The KL-based divergence is used for constraining prior distribution obtained through a prior encoder and a linear layer and posterior distribution obtained through a posterior encoder and a stream network of a linear frequency spectrum. The linear frequency spectrum passes through a posterior coder to obtain posterior characteristics, and the HiFiGAN vocoder reconstructs the posterior characteristics obtained through the posterior coder into a voice waveform. When KL divergence constraint is made, bidirectional flow network loss is adopted.

L _kl ＝logq _Φ (z|x _lin )-logp _Φ (z|c _text ,A)

In the training process, the time length corresponding to the text phonemes is estimated through monotone alignment search and is used as a real label of a training random time length predictor. In the training process, the emotion feature extractor and the speaker feature extractor do not participate in updating network parameters, and respectively calculate emotion features and speaker features in the speaker audio.

Exemplary, the entire end-to-end speech synthesis training process of fig. 5 includes:

the text is first converted into text corresponding phonemes.

And extracting emotion characteristics through the emotion module, and extracting speaker characteristics through the voiceprint model.

And adding and fusing the emotion characteristics and the text phoneme characteristics, and embedding the voiceprint characteristics into different modules.

And obtaining a time tag of the corresponding text through monotonically aligned search, and training a random duration predictor to obtain duration loss.

And calculating the KL divergence between the prior encoding and the distribution of the output of the posterior encoder and between the prior encoding output and the distribution of the output of the prior encoding after the inverse network of the stream and before the output of the prior encoding enters the posterior encoder respectively through the bidirectional stream loss to obtain the final bidirectional loss.

And (3) inputting the waveform to the HiFiGAN for training through the characteristics of the posterior encoder, and obtaining GAN loss.

Based on obtaining all loss values, end-to-end training is started (end-to-end is mainly used in the training process without the need of common acoustic models and separate training of two modules of a vocoder), and training is performed together in the scheme of the invention, so that training time and reasoning time are shortened.

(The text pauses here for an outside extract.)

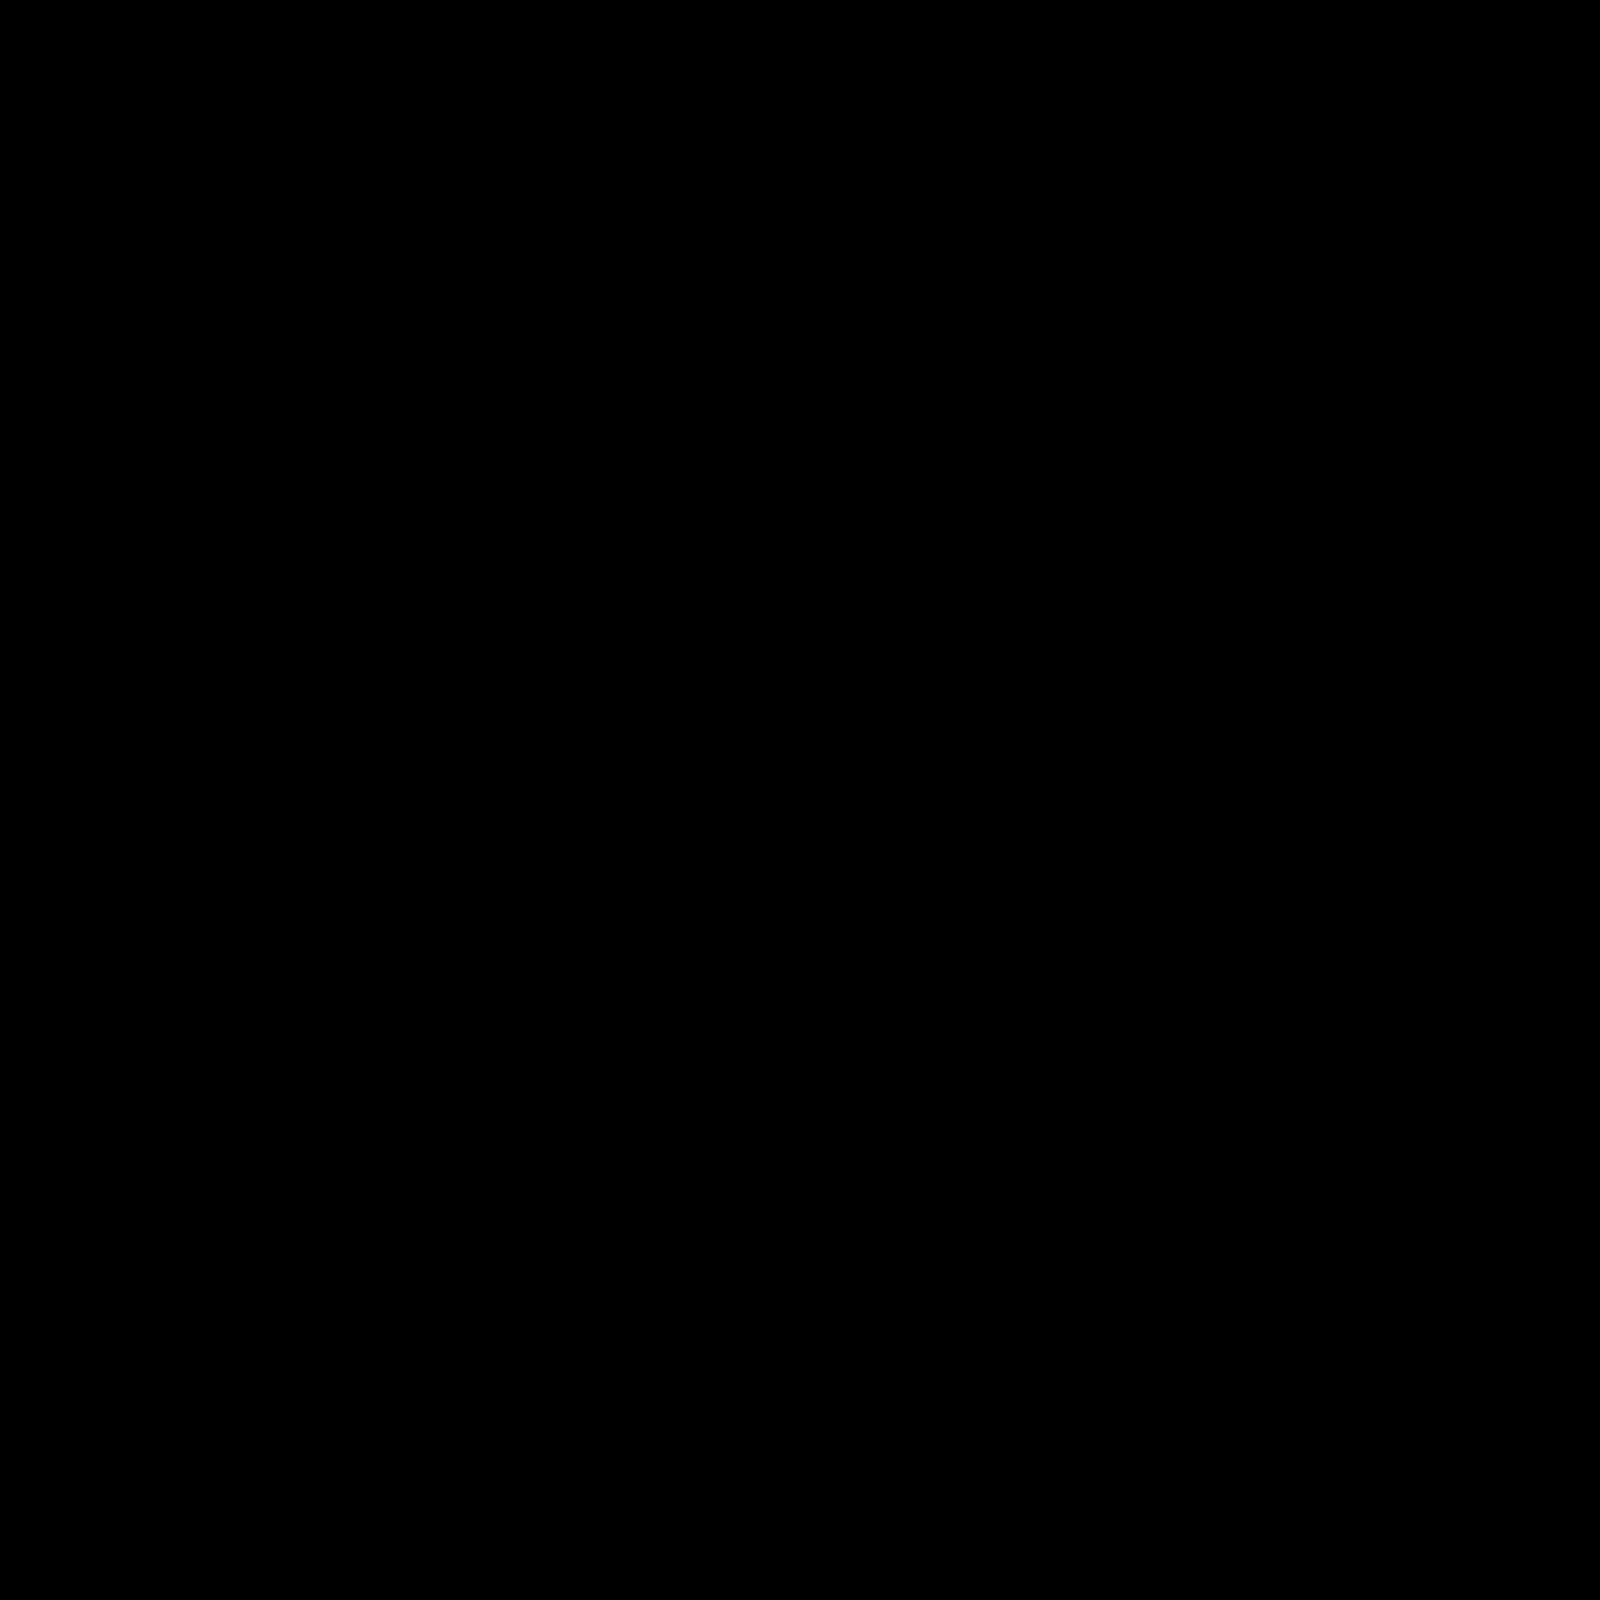 フラグ2 icon. This is an icon for representing flag 2. There is a long vertical line with the flag waving to the right of it. There is nothing on the flag. It is plain. The flag is made up of two curved perpendicular lines and a vertical line at the end.

The reasoning process is as shown in fig. 6, and a monotonically aligned search module, a bi-directional stream network module and a posterior encoder module are not needed any more, and all the modules only exist in the training process. When reasoning, according to the input text and the reference audio emotion of the appointed speaker, the time length prediction of the text phonemes is obtained by combining the speaker characteristics, the prior distribution of the linear layer is expanded according to the time length prediction, the expanded characteristics are subjected to inverse transformation of the streaming network to obtain the characteristics after inverse transformation, and finally the HiFiGAN vocoder performs waveform reconstruction according to the characteristics after inverse transformation to obtain the emotion speech synthesis of the appointed emotion and the appointed speaker.

By way of example, the reasoning process in FIG. 6 includes:

inputting a designated speaker and extracting speaker characteristics.

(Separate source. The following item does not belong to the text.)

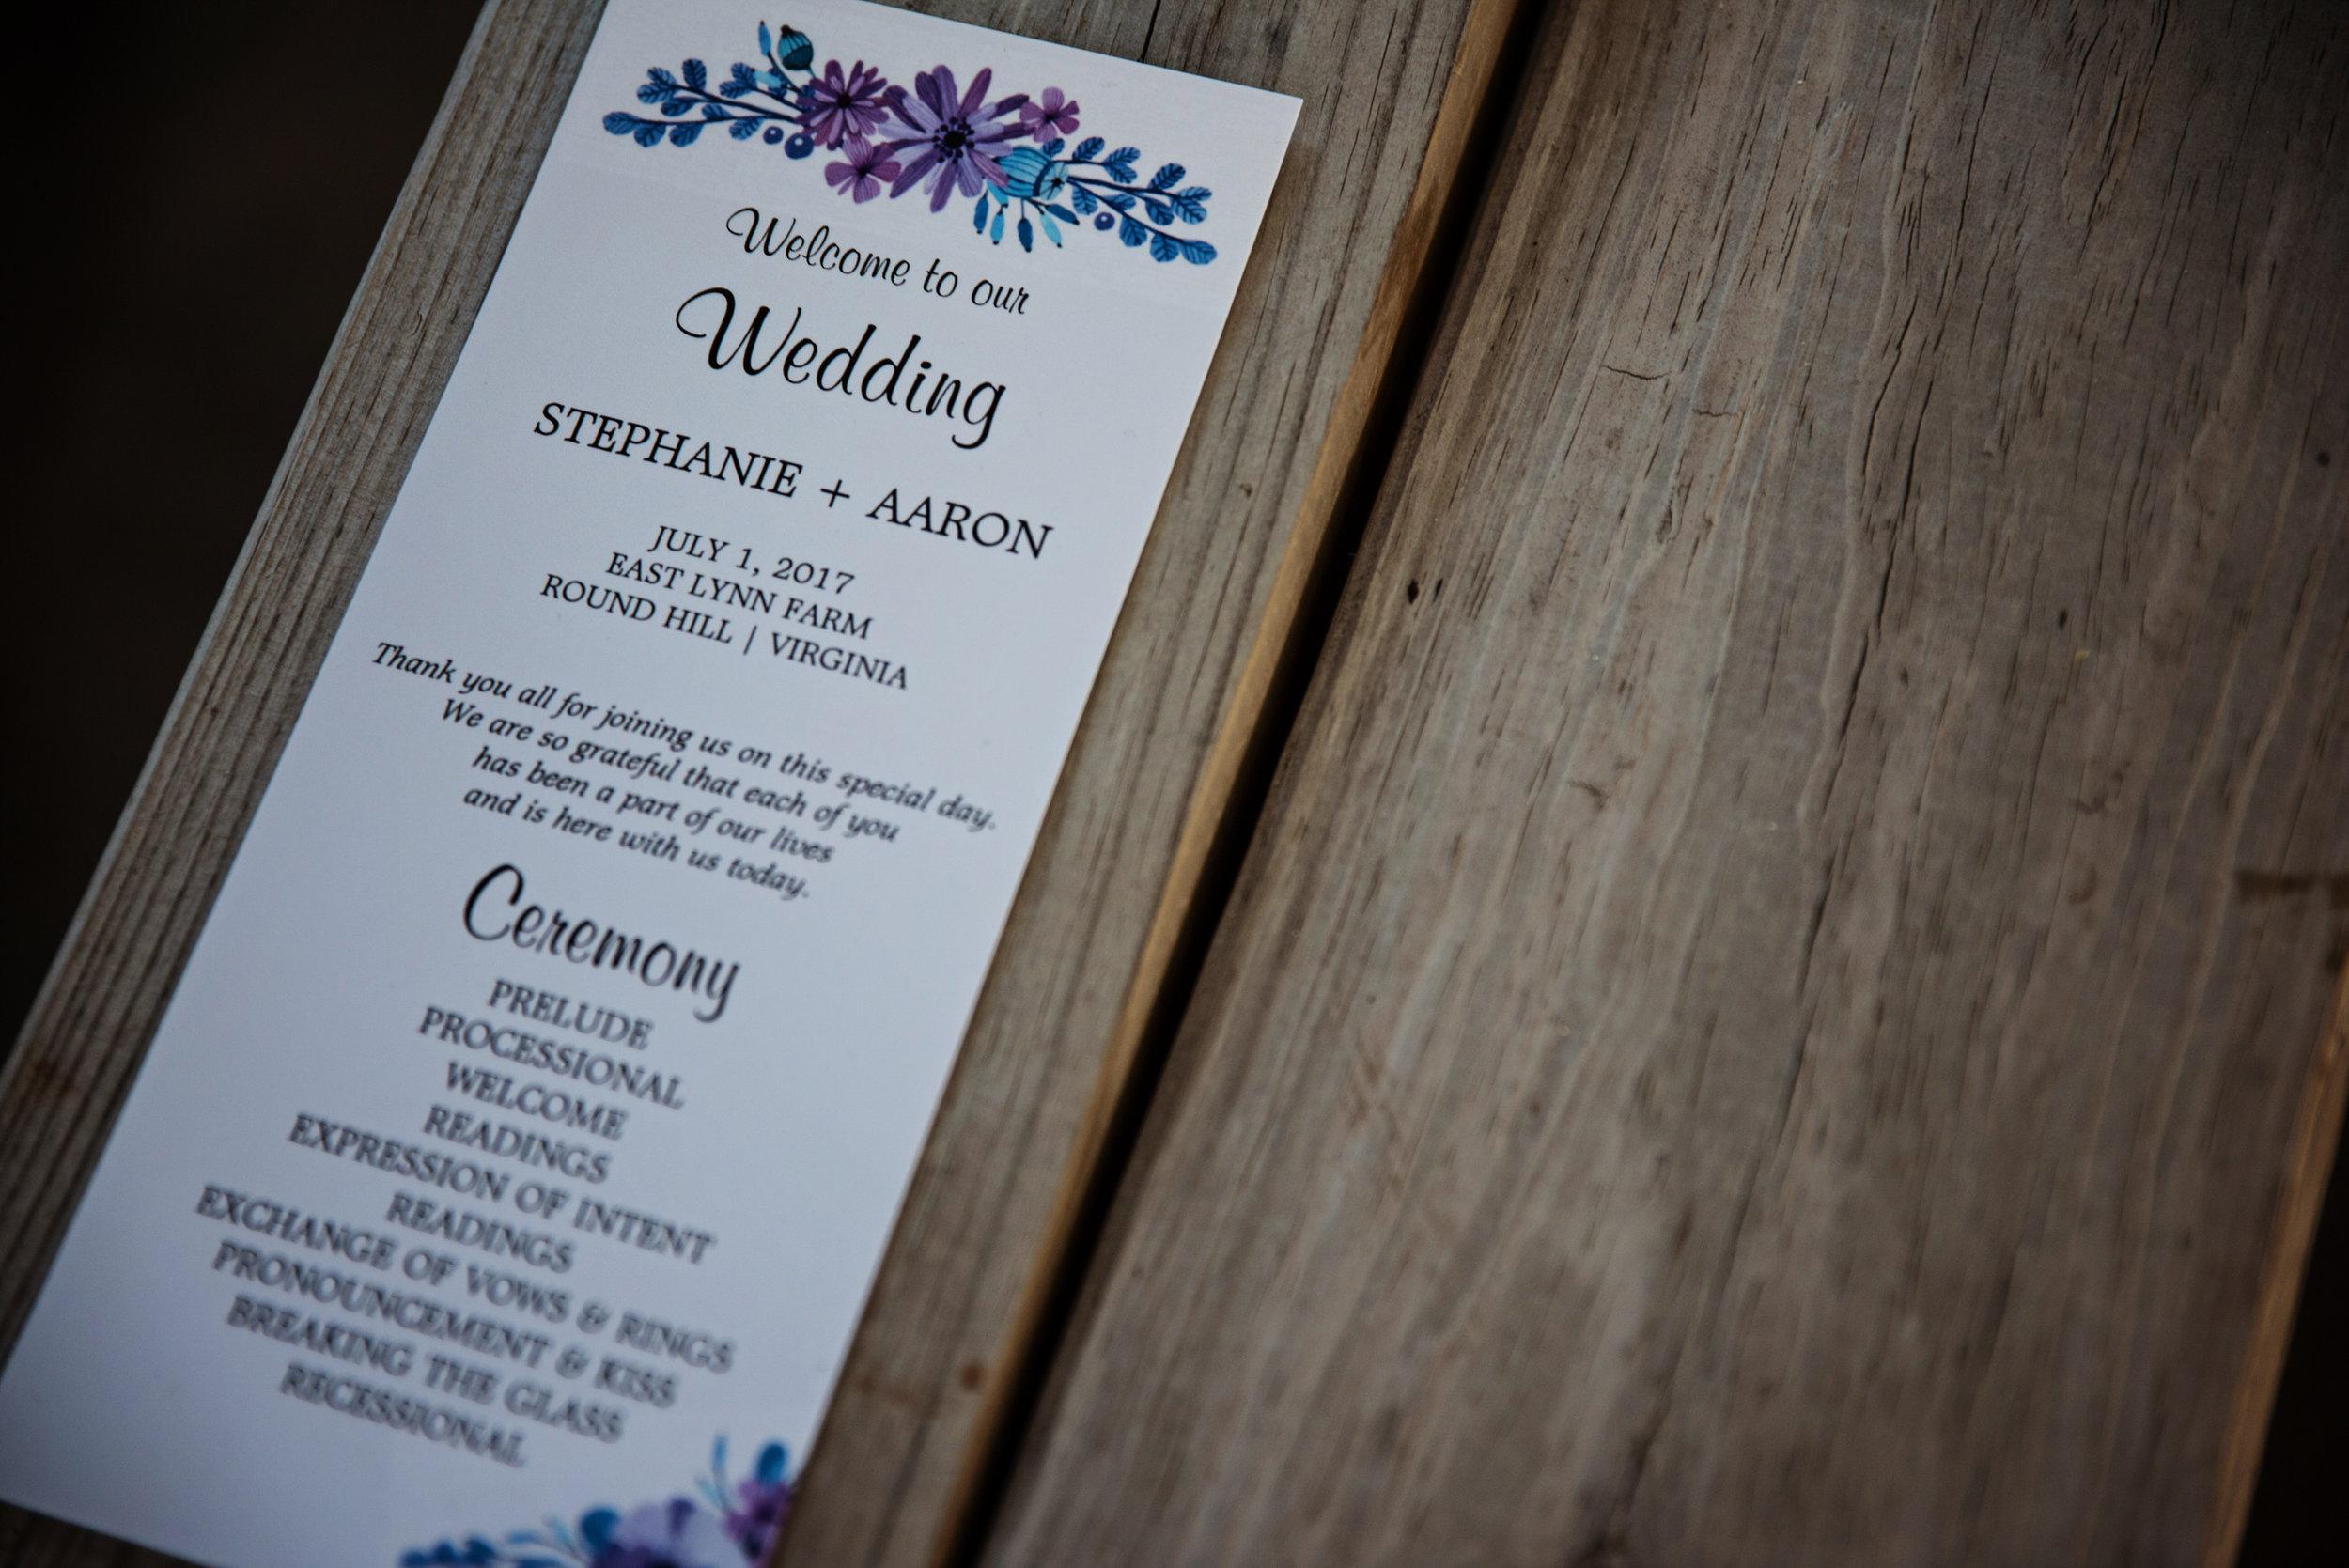 EastLynnFarmWedding-Stephanie&Aaron-Reception-18.jpg

Inputting appointed reference emotion audio, and extracting emotion characteristics of the audio.

According to the flow chart, the speaker features are embedded into different modules, and after the emotion features and the text phoneme features are fused, the speaker features are sent to the priori encoder.

And according to the duration predicted by the random duration module, aligning the prior coded features with corresponding durations.

The aligned features are sent to a flow-based inverse network to obtain features before waveform reconstruction.

Based on the reverse network output characteristics of the stream, the HiFi-GAN vocoder is utilized to reconstruct the waveform.

The resulting speech synthesis, given text, specifies a particular person and specifies emotion.

Based on the embodiment, the emotion and voiceprint training for different emotions and different speakers is not needed on the basis of the pretrained emotion feature extraction and speaker feature extraction. Based on a language basic model related to a specific person trained in advance, only a few minutes of audio aiming at the specific person is collected, automatic processing is carried out, fine tuning training is carried out, and finally the few-sample emotion controllable speech synthesis aiming at the specific task is formed. The whole scheme can be fully automated without manual intervention, and finally, the emotion voice synthesis model of the specific person is obtained.

According to the embodiment, the high-quality voice synthesis method and the device have the advantages that high-quality recording studio recording of voice data of the specific person is not needed, a great deal of time and energy are consumed, the problem that part of voice data of the specific person are difficult to collect and training of the voice data of the specific person cannot be conducted is solved, and finally, in the technical aspect of the method and the device, the high-quality voice synthesis of the specific person can be conducted with little data. According to the scheme, emotion voice synthesis of appointed reference emotion can be realized, and multi-emotion voice synthesis aiming at specific people is realized. By means of the technical route of the scheme, the method and the device can avoid recording a large amount of voice data aiming at specific people and emotion data recording, and realize emotion voice synthesis aiming at any specific few samples. Has extremely high economic and practical value.

Under the condition of small models, the technology of the scheme of the invention can realize that voice synthesis can be performed by only a small amount of voice data, and meanwhile, the emotion voice synthesis of the specific person corresponding to the reference emotion can be synthesized by specifying the reference emotion, so that the synthesis effect is independent of the large amount of data of the specific person and the large amount of emotion data of the specific person, and the emotion controllable voice synthesis of a small sample for any specific person is realized. Fills the blank of the prior art.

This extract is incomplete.